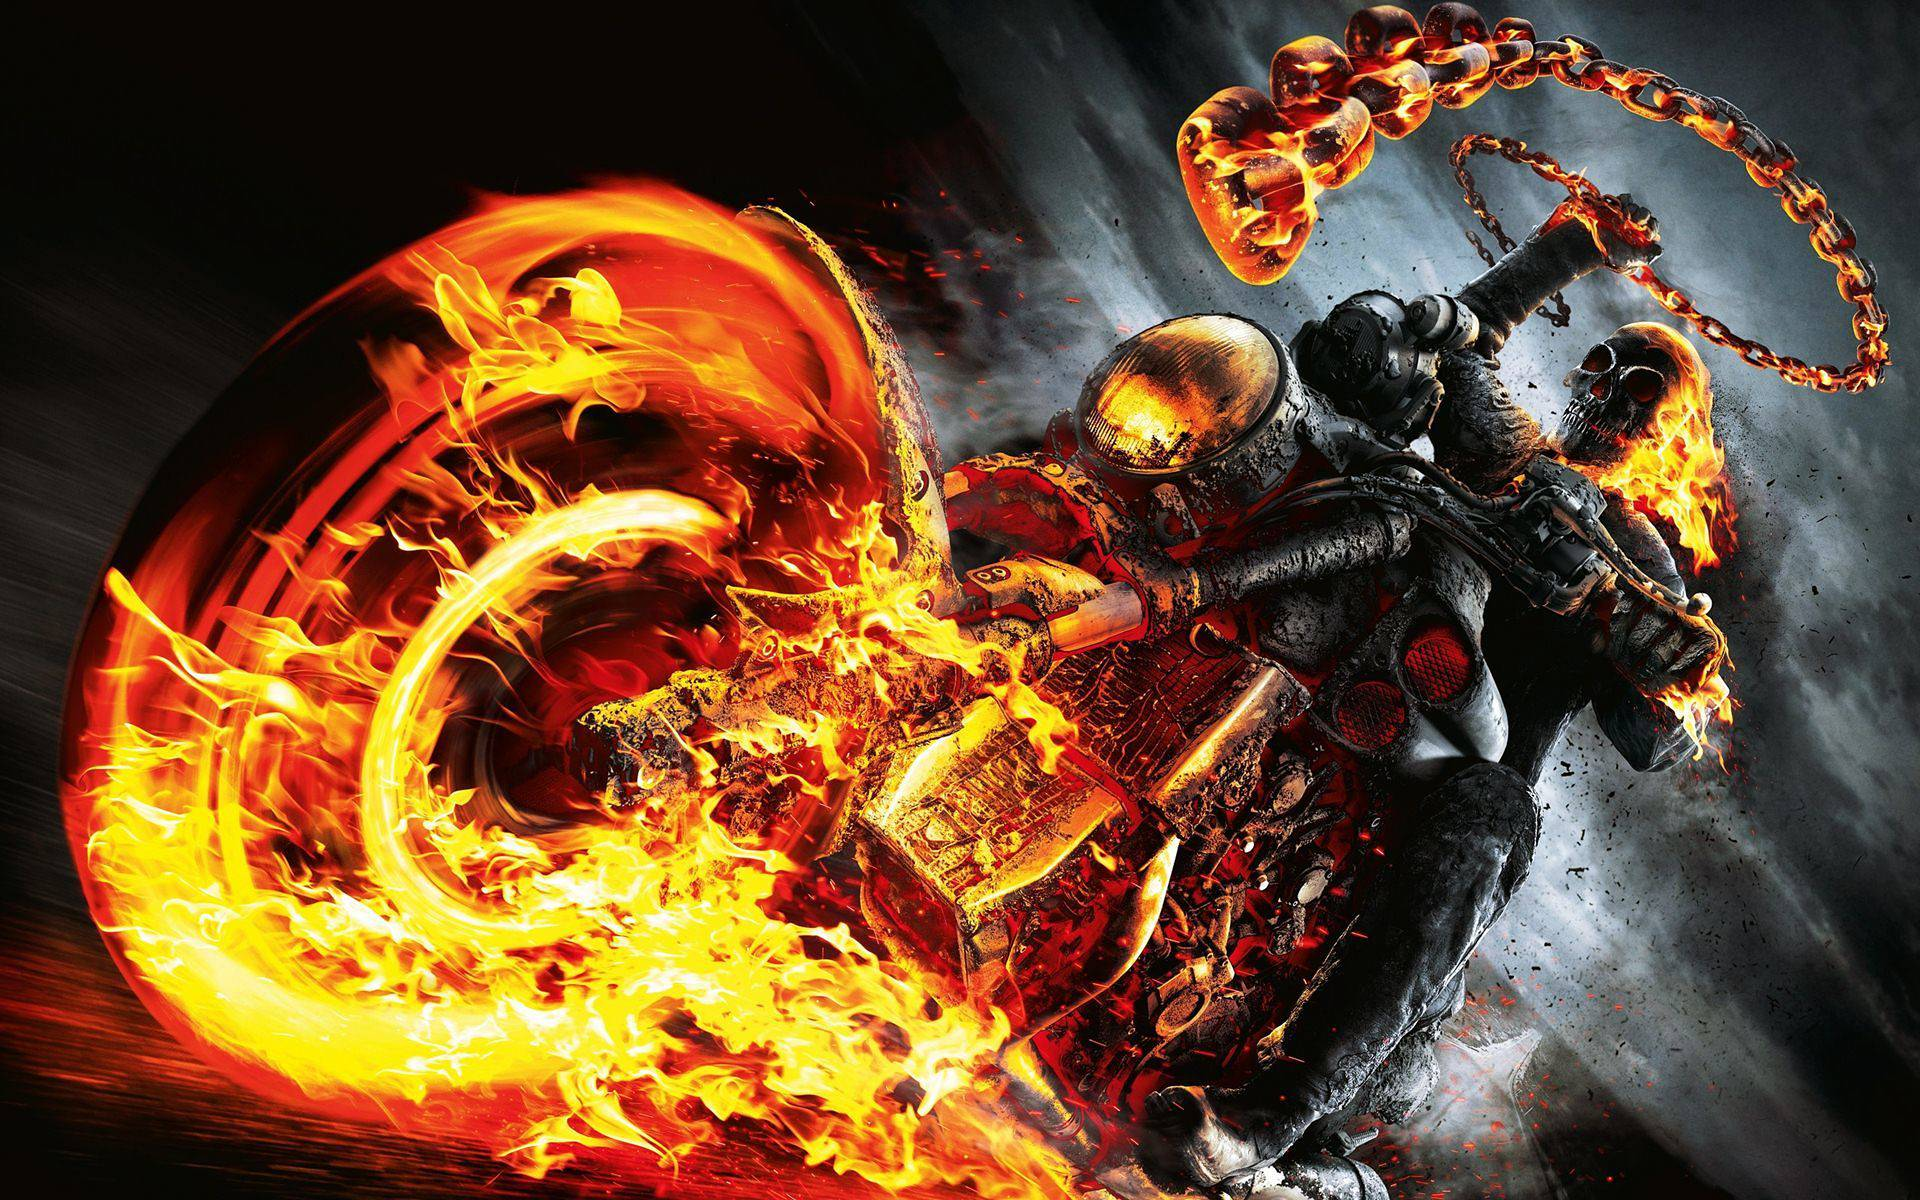 Gost rider image
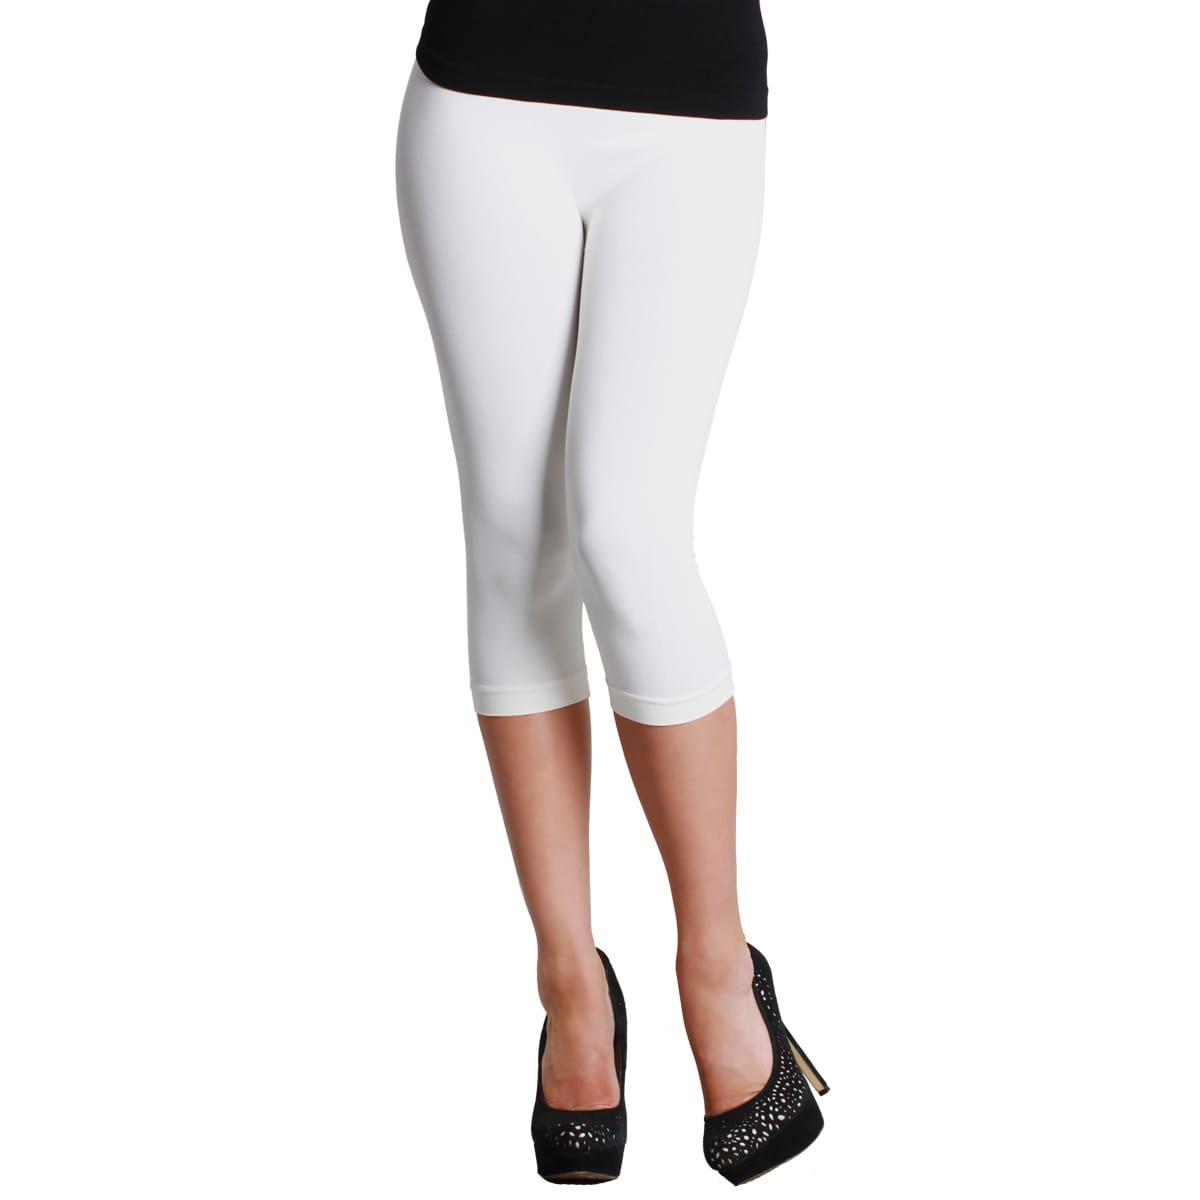 a9e36f6a3b3e2 Shop NikiBiki Women's Plain Jersey Capri Leggings - Free Shipping On Orders  Over $45 - Overstock - 9741269
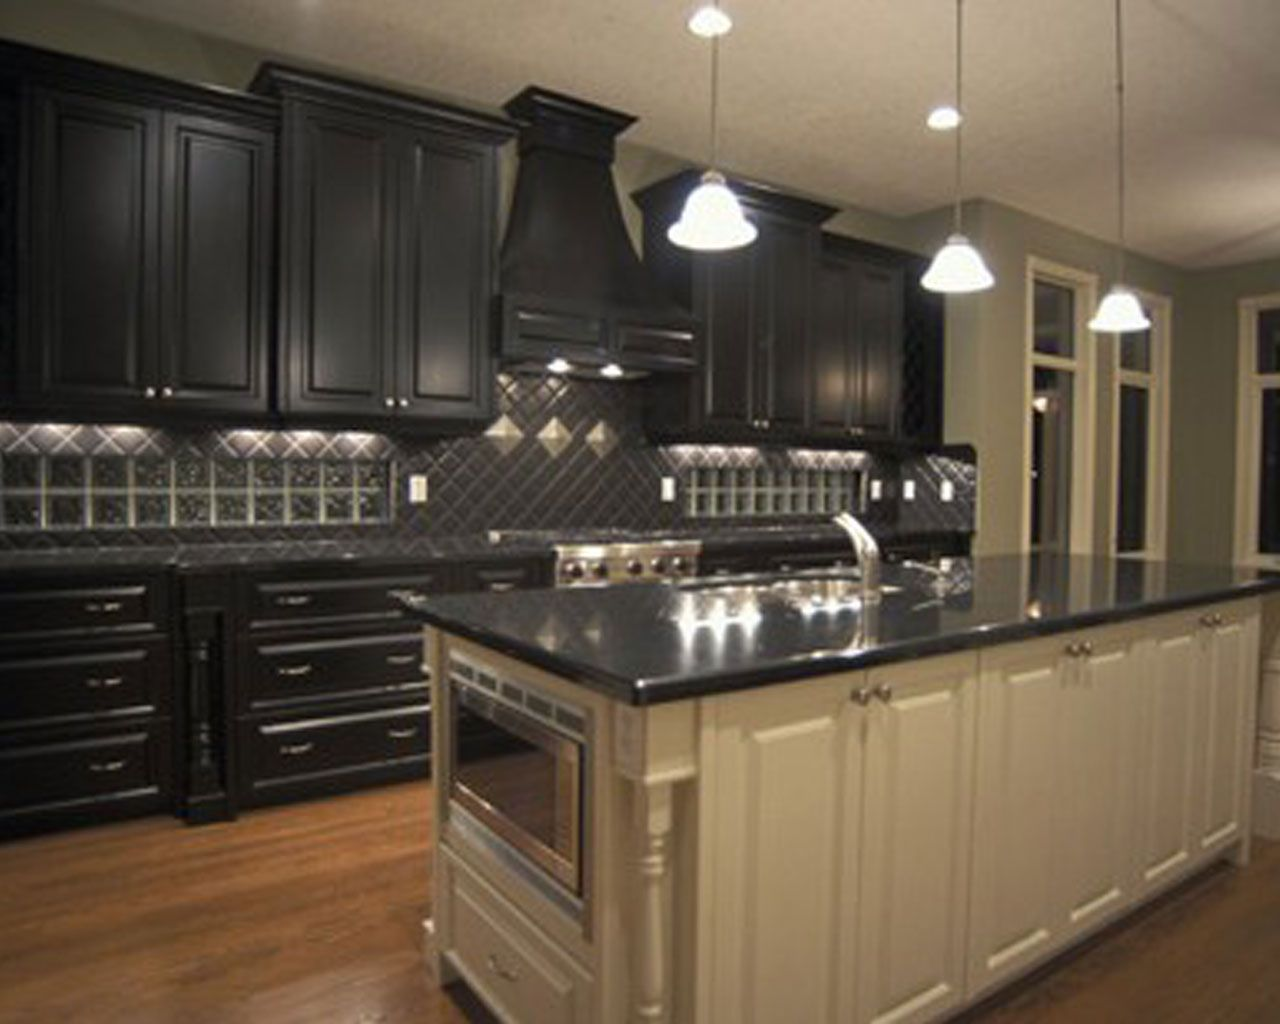 Finest Design Black Kitchen Wallpapers New
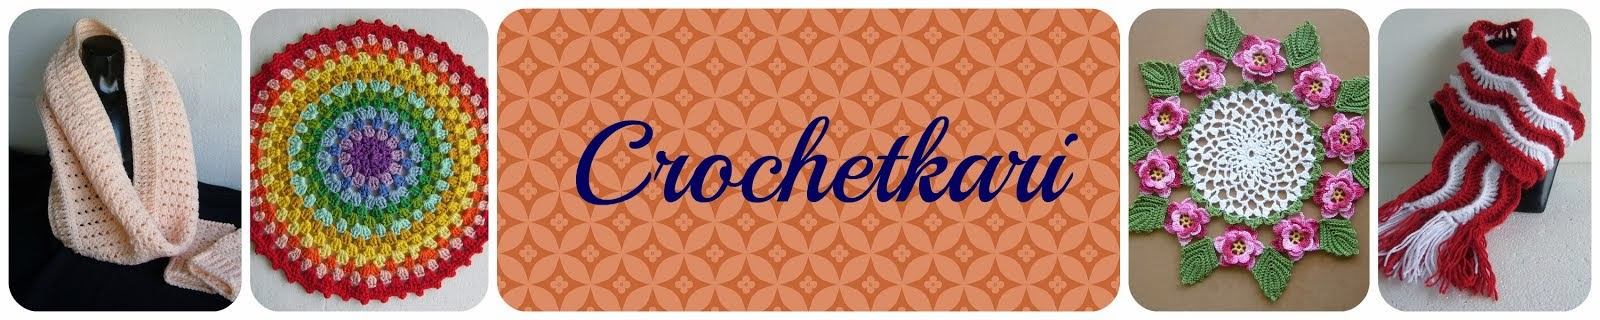 Crochetkari
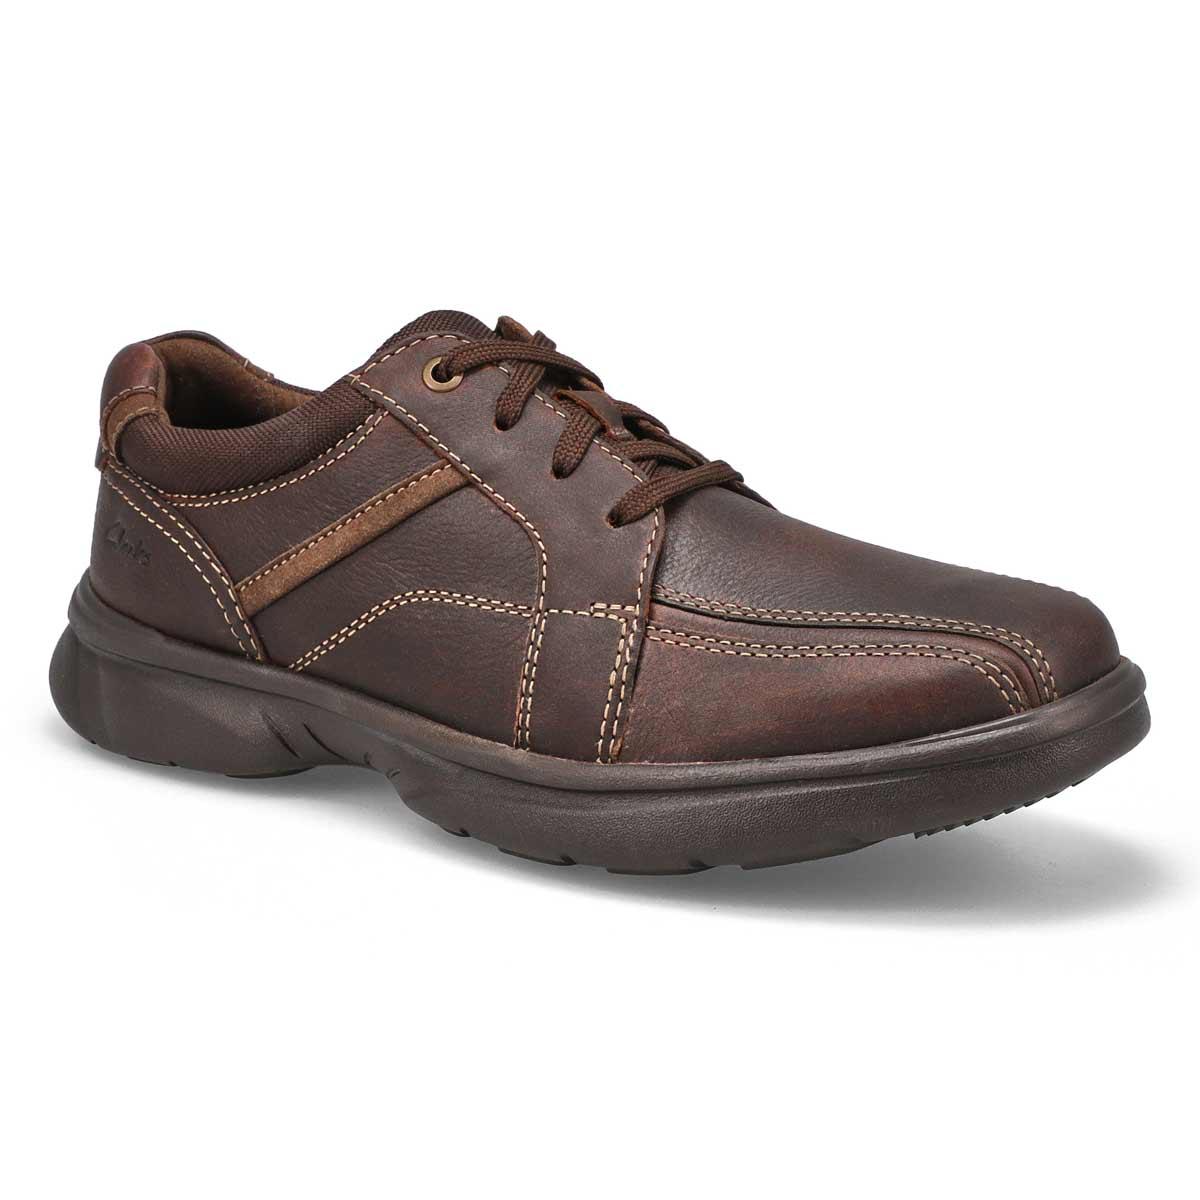 Men's Bradley Walk Casual Loafer - Brown

> _EXERCISE OBJECTIVE_:
A verbatim transcript of the material above, with images dropped, is the expected output.

> _EXERCISE SOLUTION_:
 Gost rider image
 a9e36f6a3b3e2 Shop NikiBiki Women's Plain Jersey Capri Leggings - Free Shipping On Orders  Over $45 - Overstock - 9741269
 Finest Design Black Kitchen Wallpapers New
 Crochetkari
 Men's Bradley Walk Casual Loafer - Brown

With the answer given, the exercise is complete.